A recent AI Policy Institute poll conducted by YouGov found that the majority of US adults want to slam the brakes on AI’s rapid progression.
AI’s meteoric rise shows no signs of abatement, with investors plowing money into the technology. A landscape once dominated by Microsoft and Google is now home to a broad range of startups, including Anthropic and Inflection, which both have significant backing.
Meta’s approach has been slightly differentiated, cementing its position as a disruptive force in AI economics – as its open-source models are freely accessible for research and commercial use.
Tech leaders have a tremendous appetite for forging forth into our AI-infused future, with OpenAI’s CEO Sam Altman stating in an interview with The Atlantic, “If you are a person of a liberal-democratic country, it is better for you to cheer on the success of OpenAI” instead of “authoritarian governments.”
Brad Smith from Microsoft emphasized the competitive aspect, suggesting that pausing might allow countries like China to take the lead in AI. Similarly, Nvidia CEO Jensen Huang said those who don’t adapt to AI will be left behind.
The AI market principles are also ramping up hardware purchases to train bigger, better models, with hundreds of thousands of high-end Nvidia chips being exchanged with the US, China, and Gulf states.
Public views fail to align with tech leaders
Amidst this frenzy, poll data shows people don’t necessarily share big tech’s fervor. In fact, a hefty 72% of American voters lean towards a slower AI development trajectory.
The poll consisted of 1,001 Americans from a diverse demographic in terms of political affiliations, albeit a majority of the participants were white and without a college degree.
Here are the poll’s findings:
- 72% of voters advocate for slower AI development, contrasting with the mere 8% favoring hastening it.
- A significant 62% express apprehension about AI, overshadowing the 21% who feel enthusiastic.
- 86% foresee potential AI-triggered catastrophes, and 70% believe that minimizing AI extinction risks is as crucial as other global threats like pandemics and nuclear warfare.
- 82% of voters don’t trust tech executives regarding AI regulation.
- 76% view AI as a potential existential threat, with close agreement between 75% of Democrats and 78% of Republicans.
AI researcher and Anthropic CEO Jack Clark found these results noteworthy, commenting, “These results are interesting because they appear to show a divergence between elite opinion and popular opinion.”
Further, the AI Policy Institute’s poll shed light on the public’s trust in AI companies’ attempts to self-regulate.
Indeed, many are wondering whether AI leaders like Sam Altman are sincere when they discuss ethics and safety guardrails, considering that lawsuits are racking up and question marks remain about the legitimacy of training data.

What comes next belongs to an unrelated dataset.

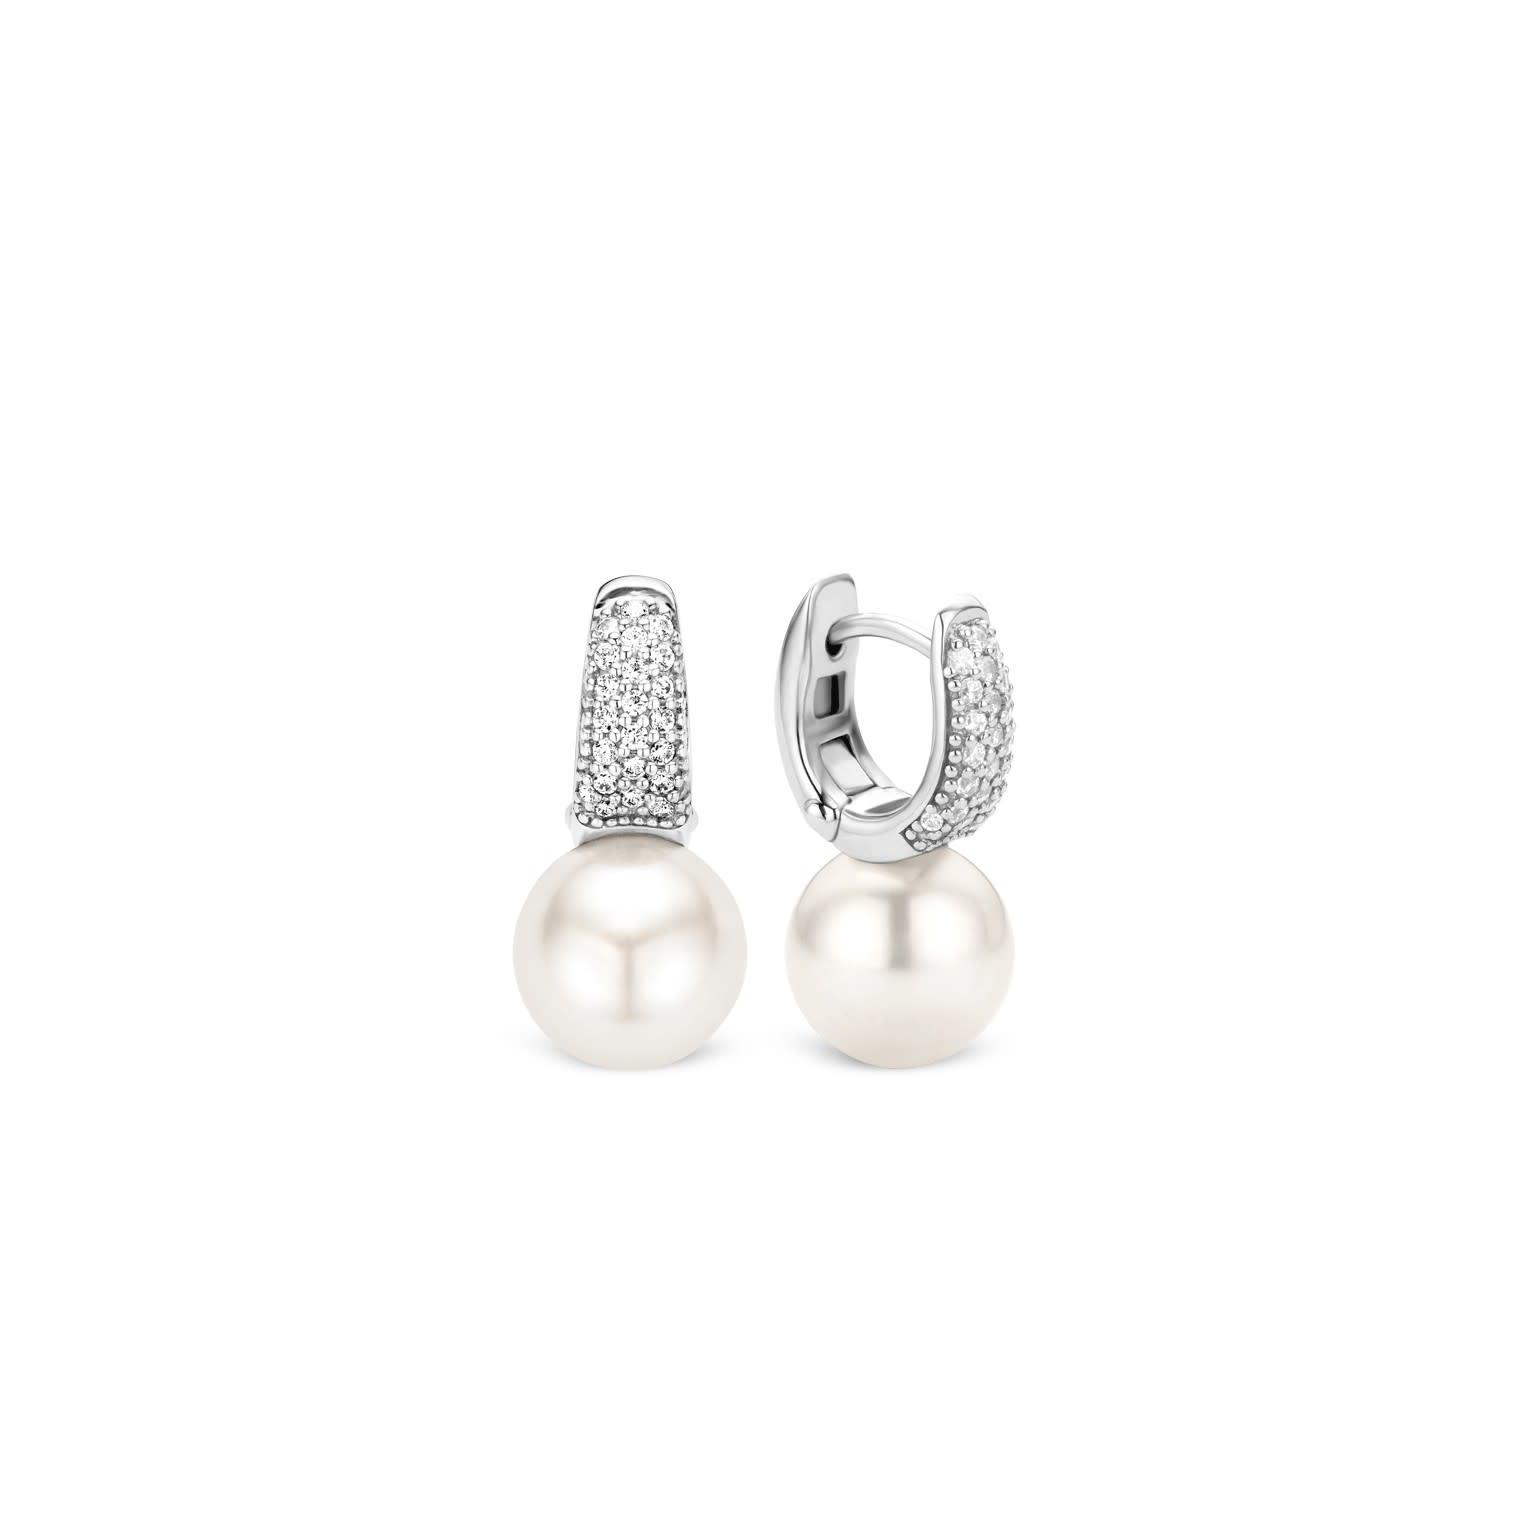 TI SENTO - Milano Earrings 7750PW-1
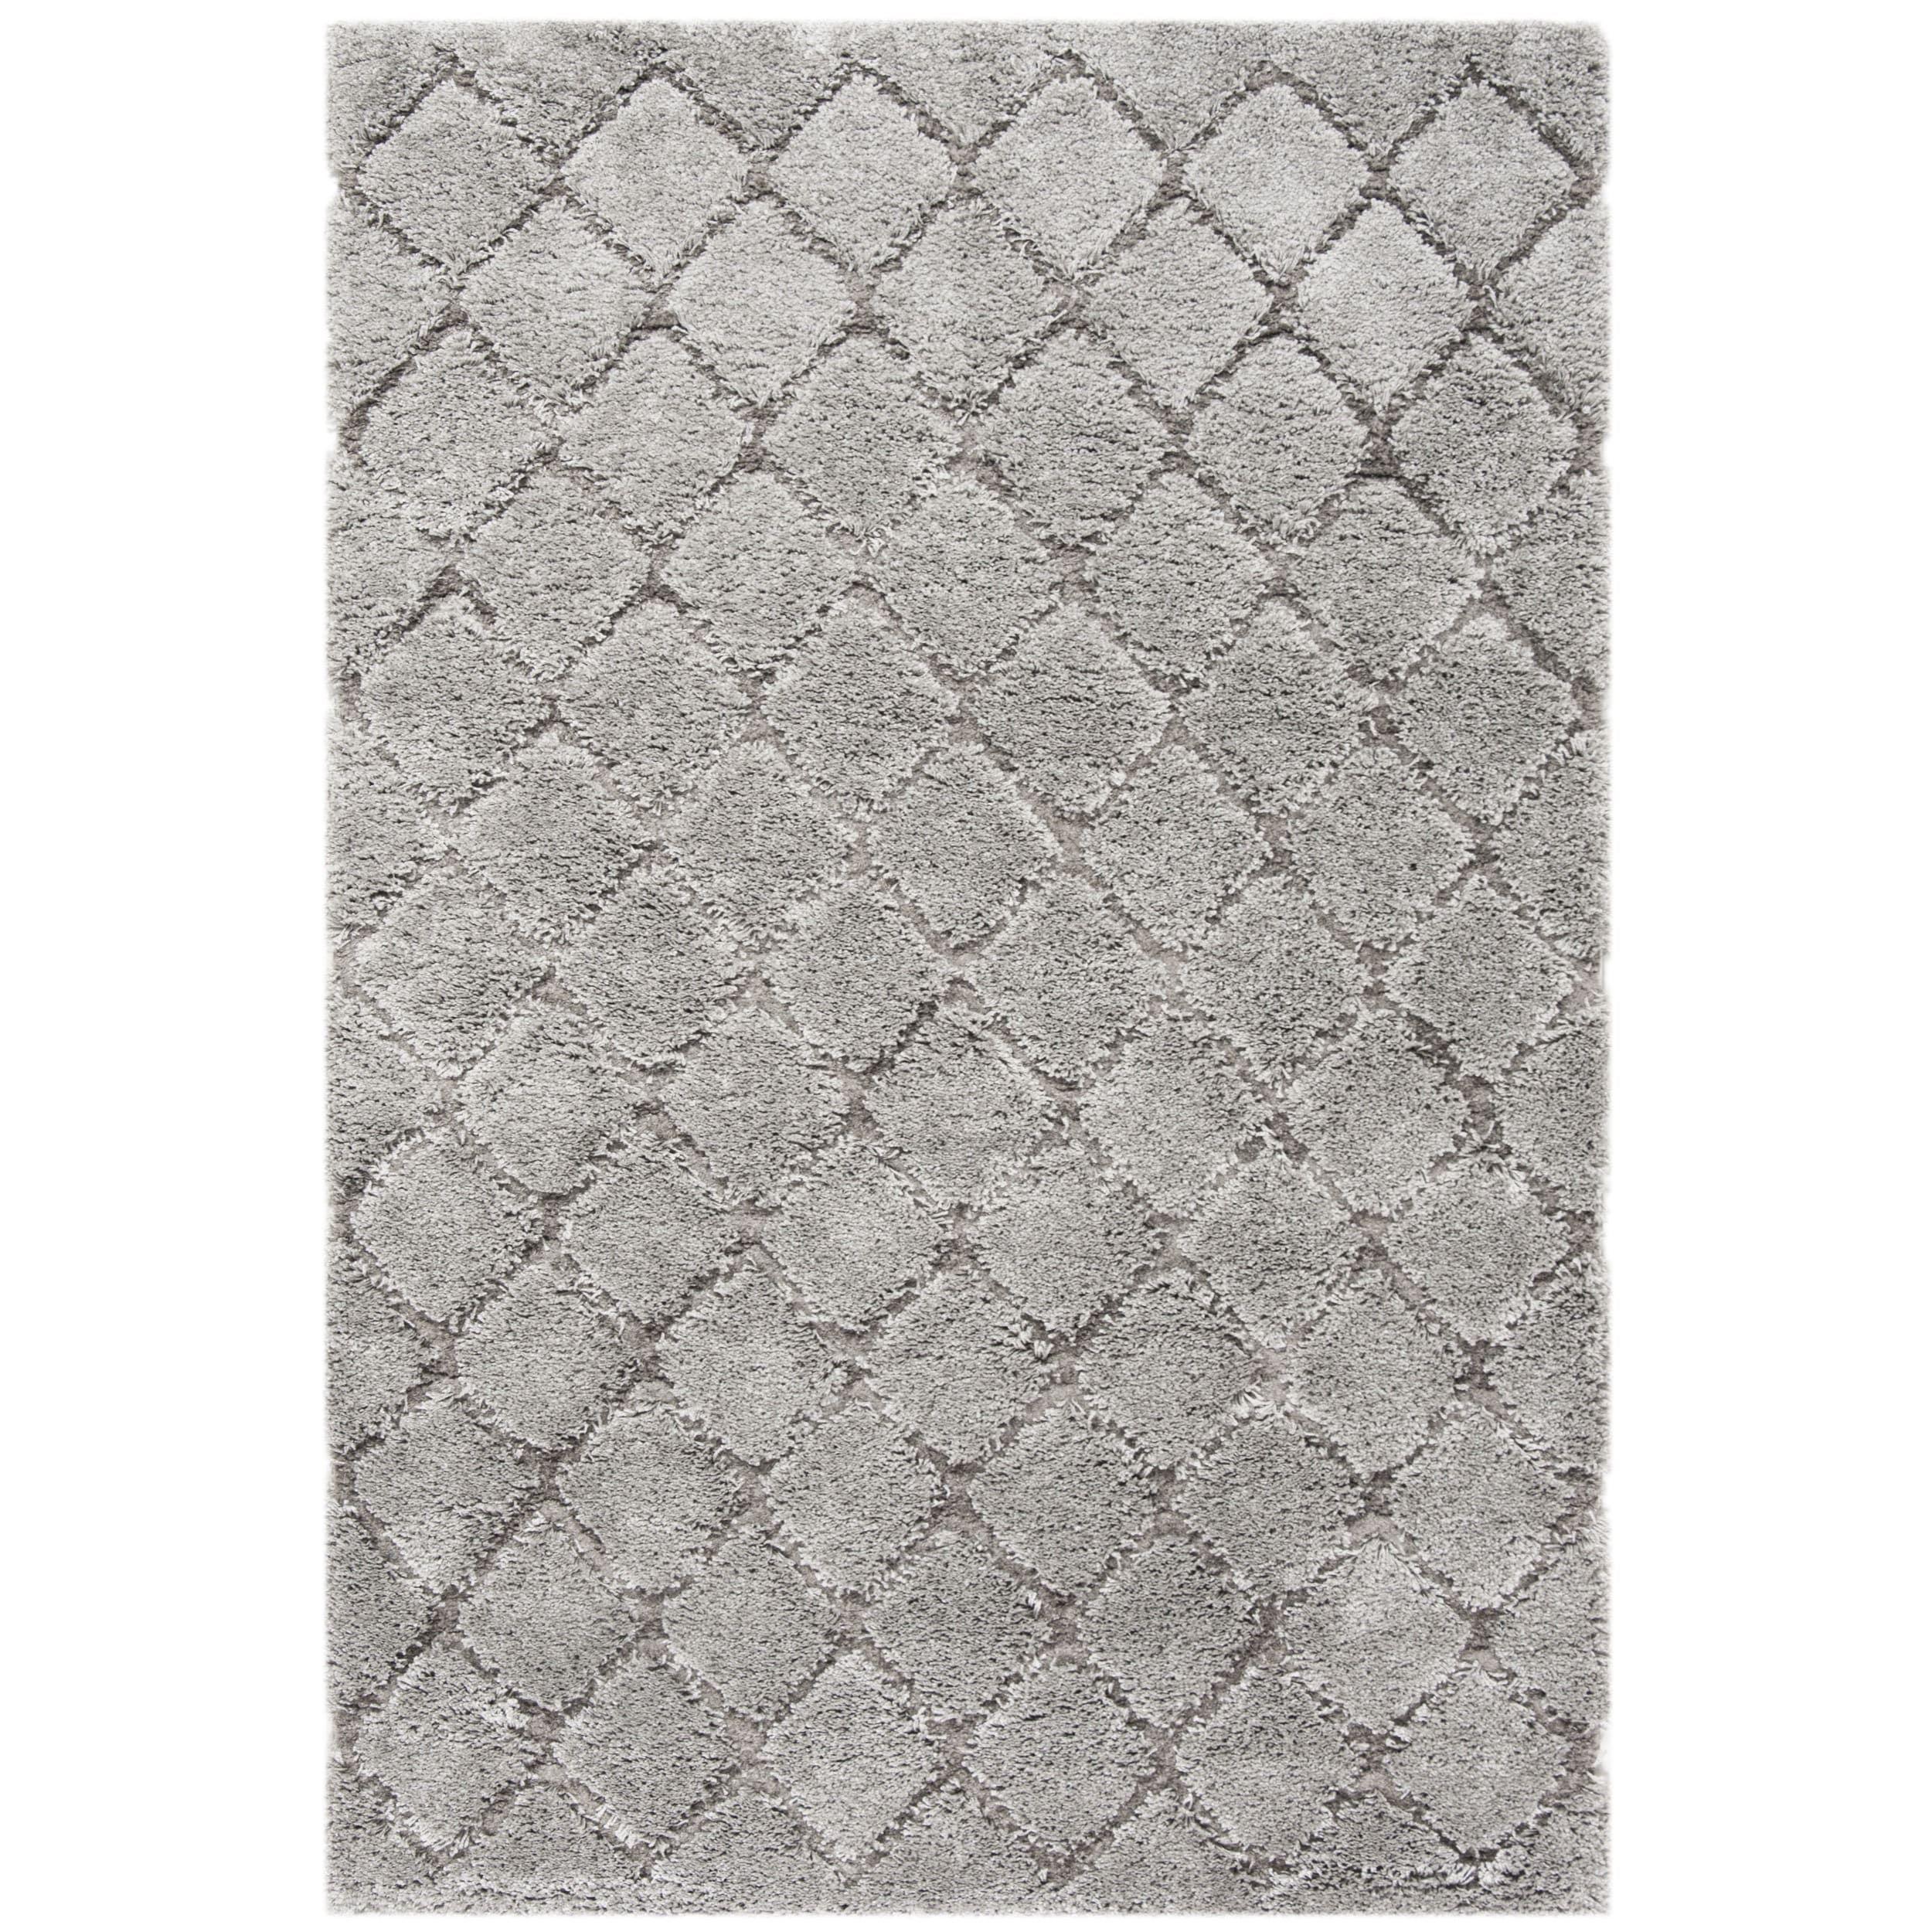 Safavieh Adriana Shag Light Grey/ Light Grey Polyester Rug (5'1 x 7'6) (ARG780B-5)

Sarah Myers West from the AI Now Institute wasn’t surprised, stating, “I think people have learned from the past decade of tech-enabled crises,” pointing out the evident flaws in self-regulation.
Others criticize self-regulation as a veiled attempt to subjugate open-source AI, which threatens big tech’s newfound burgeoning market.
One thing is certain: big tech isn’t slowing down, with companies like Nvidia and Inflection planning to build a vast AI training stack of 22,000 Nvidia GPUs.
OpenAI has filed trademarks for GPT-5, and right now, the only way is up – or, as some might view it, down.